Betty Davenport and Mary Burton interviewed by Ruendree Govinder
May 23, 2005 Cape Town, South Africa.


"In Cape Town, the world seemed to be divided into the people who were your friends ... and the people who were not... You very soon lost a group of friends ..." [3:00]

The Black Sash was an important source of support and friendship for many of its members, since many whites were hostile to their anti-apartheid activities.

Betty Davenport joined the Black Sash in Cape Town in 1955, where she participated in silent protests such as “stands” and “hauntings” of cabinet ministers. She moved to Grahamstown in the Eastern Cape in 1965, where worked with the organization to monitor and publicize the many removals to remote, poverty-stricken areas of the Ciskei and to monitor detentions and provide support to detainees’ families.
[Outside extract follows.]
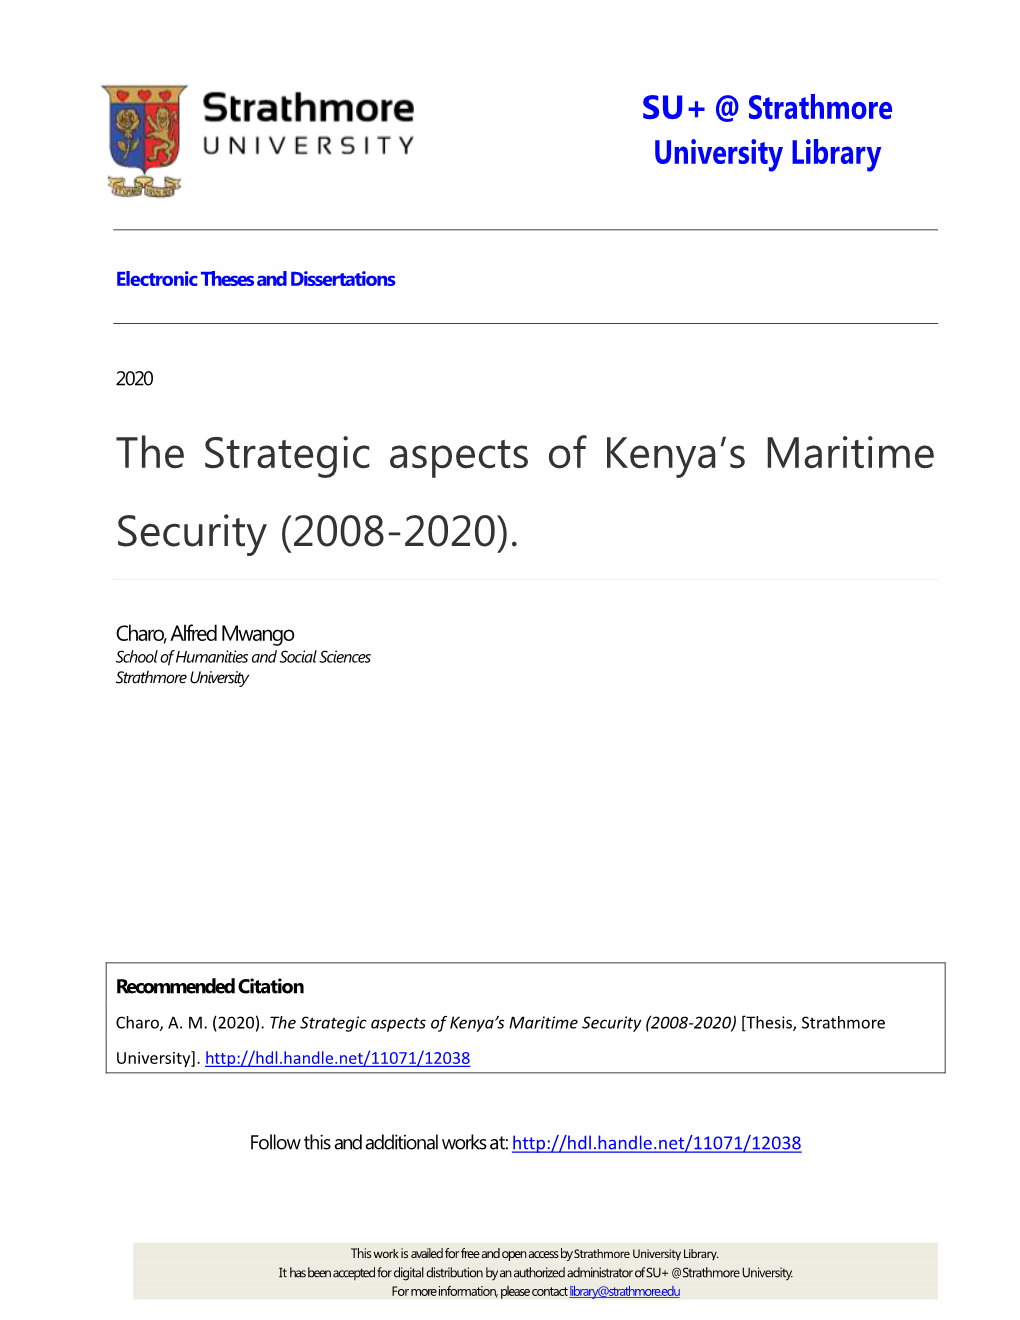 The Strategic Aspects of Kenya's Maritime Security (2008-2020)

She and her husband Rodney Davenport, a historian of South Africa, provided a “safe house” for a number of people in the 1980s.

Mary Burton, born in Argentina, moved to South Africa in 1961 when she married a South African. She became active in the Black Sash in 1965 and served as its national president from 1985 to 1990. Burton became a South African citizen in 1994 and, in 1995, was appointed to the Truth and Reconciliation Commission and served on its Human Rights Violations Committee.